- Required work -
Could you restate exactly the lines that begin at the line with "Super Teacher Worksheets" and end at the final line of the data?

- Extracted data entries -
Segment Open

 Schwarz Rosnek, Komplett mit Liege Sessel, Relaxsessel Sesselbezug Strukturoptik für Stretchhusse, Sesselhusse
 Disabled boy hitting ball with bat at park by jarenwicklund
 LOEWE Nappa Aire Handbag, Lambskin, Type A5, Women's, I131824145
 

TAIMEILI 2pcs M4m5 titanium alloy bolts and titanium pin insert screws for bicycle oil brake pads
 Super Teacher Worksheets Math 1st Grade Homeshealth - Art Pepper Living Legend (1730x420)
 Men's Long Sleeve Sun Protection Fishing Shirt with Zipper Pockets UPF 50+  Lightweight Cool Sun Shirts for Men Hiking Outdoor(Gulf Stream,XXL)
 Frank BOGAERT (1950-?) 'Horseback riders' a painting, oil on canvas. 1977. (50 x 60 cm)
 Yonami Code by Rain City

Segment Closed

- Response to the task -
 Super Teacher Worksheets Math 1st Grade Homeshealth - Art Pepper Living Legend (1730x420)
 Men's Long Sleeve Sun Protection Fishing Shirt with Zipper Pockets UPF 50+  Lightweight Cool Sun Shirts for Men Hiking Outdoor(Gulf Stream,XXL)
 Frank BOGAERT (1950-?) 'Horseback riders' a painting, oil on canvas. 1977. (50 x 60 cm)
 Yonami Code by Rain City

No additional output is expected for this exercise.